_Activity_
Please write out every line of the material, leaving out any picture.

_Recorded information_
++++++++++
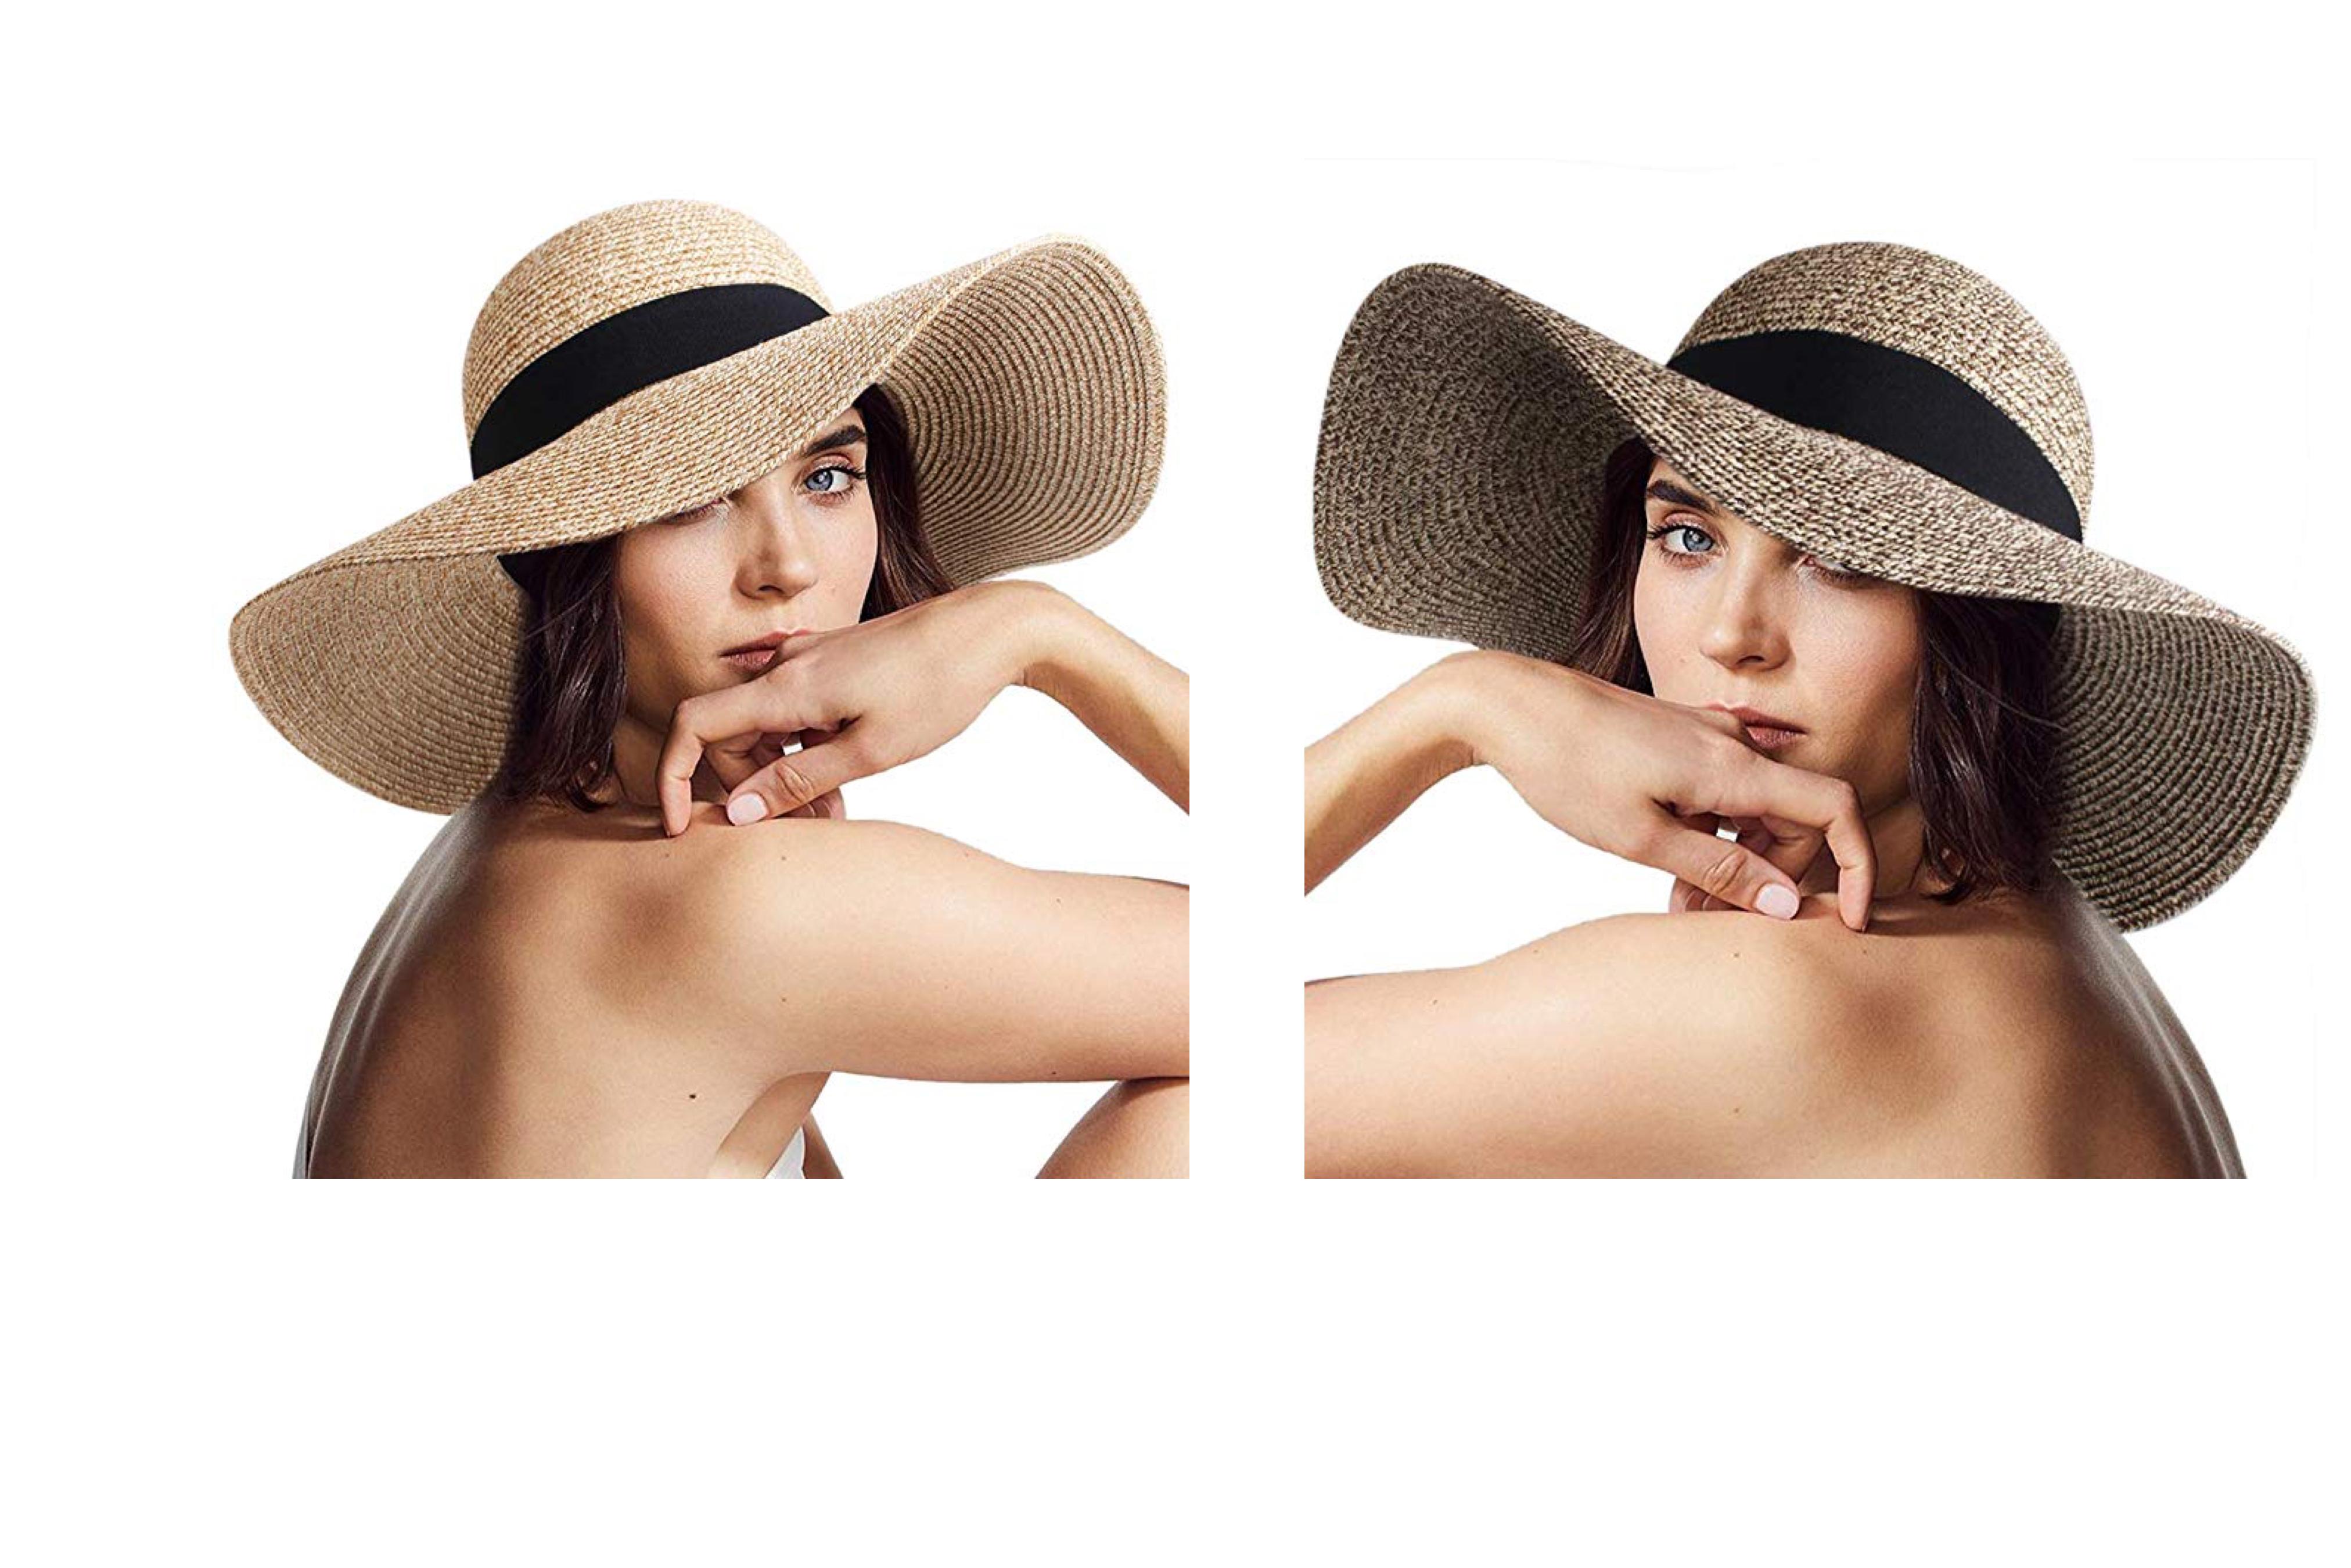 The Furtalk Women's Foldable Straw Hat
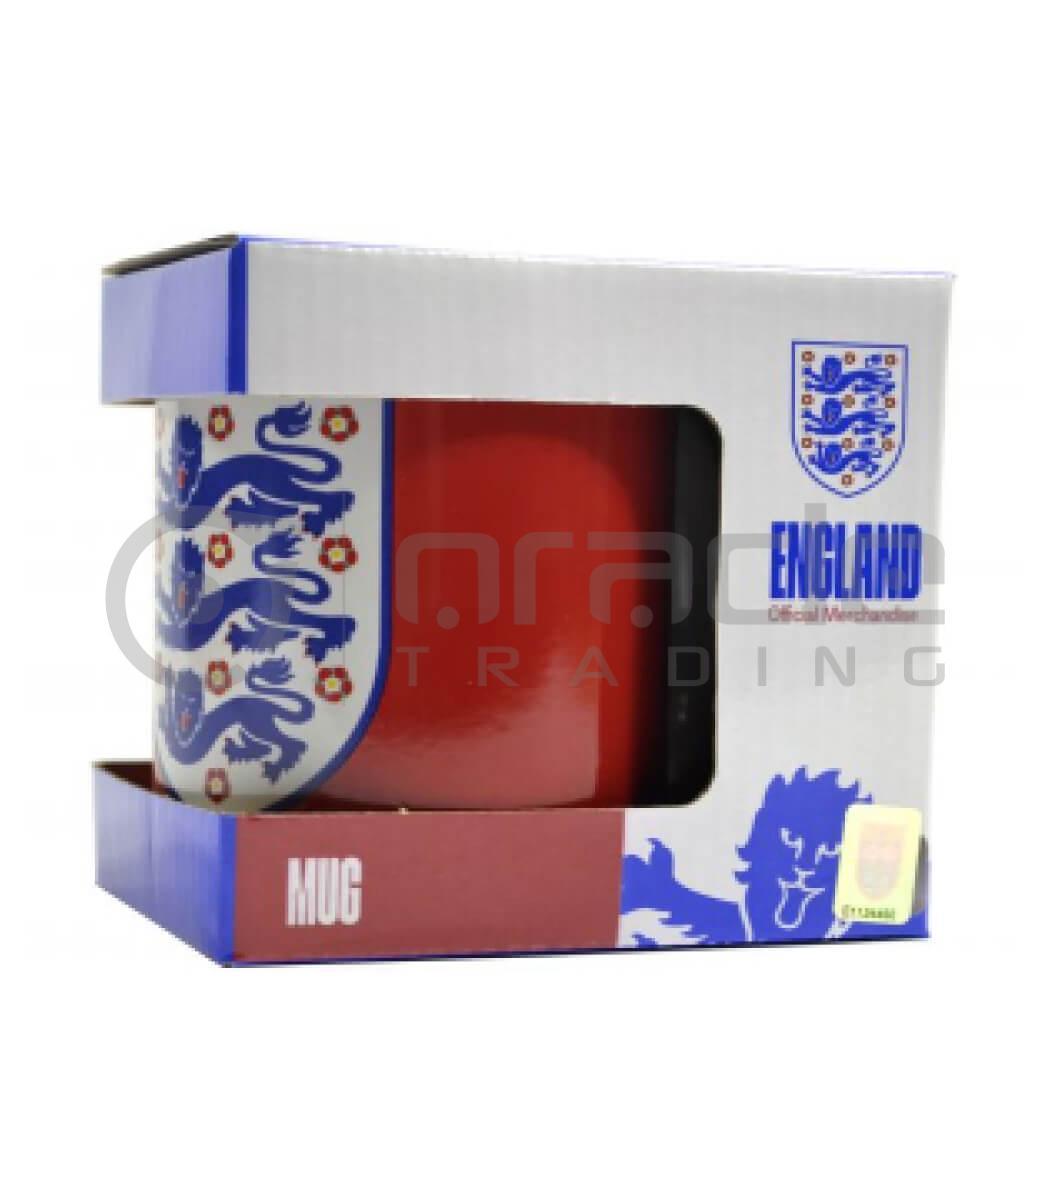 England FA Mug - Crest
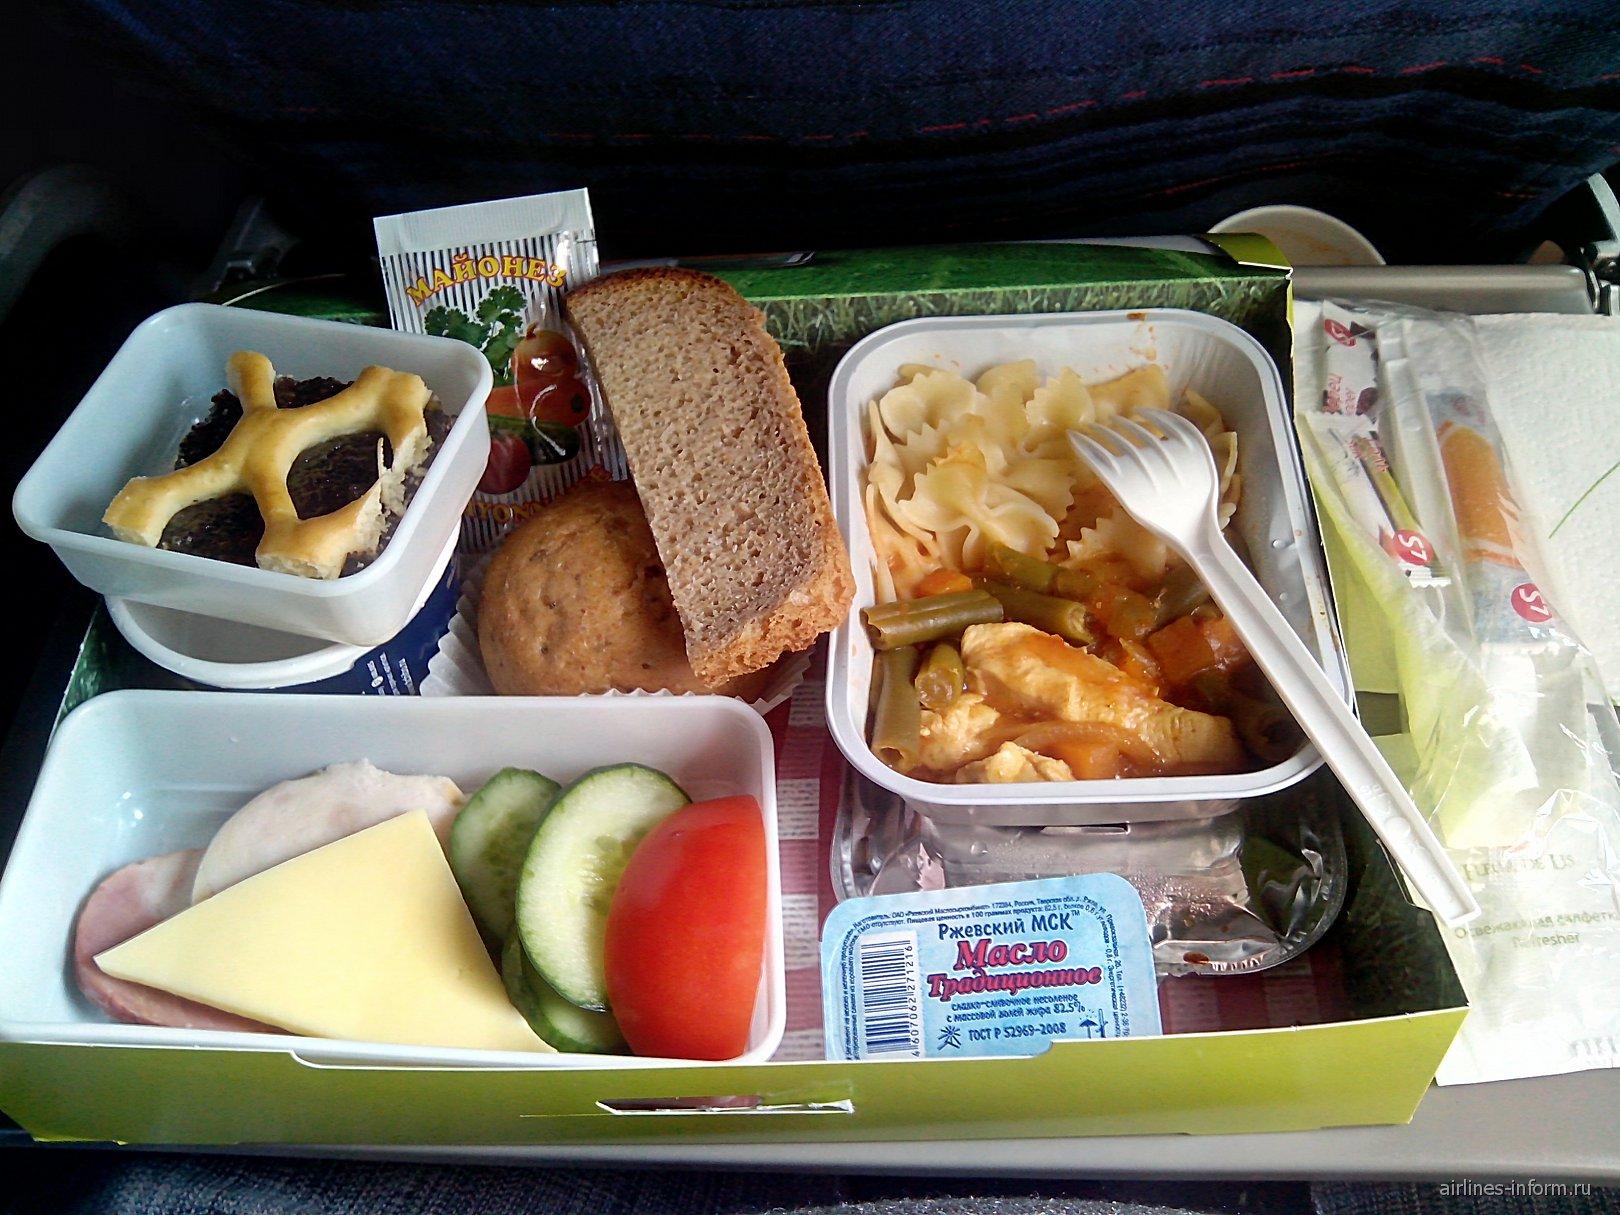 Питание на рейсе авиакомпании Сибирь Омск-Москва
++++++++++
_Solution_
 The Furtalk Women's Foldable Straw Hat
 England FA Mug - Crest
 Питание на рейсе авиакомпании Сибирь Омск-Москва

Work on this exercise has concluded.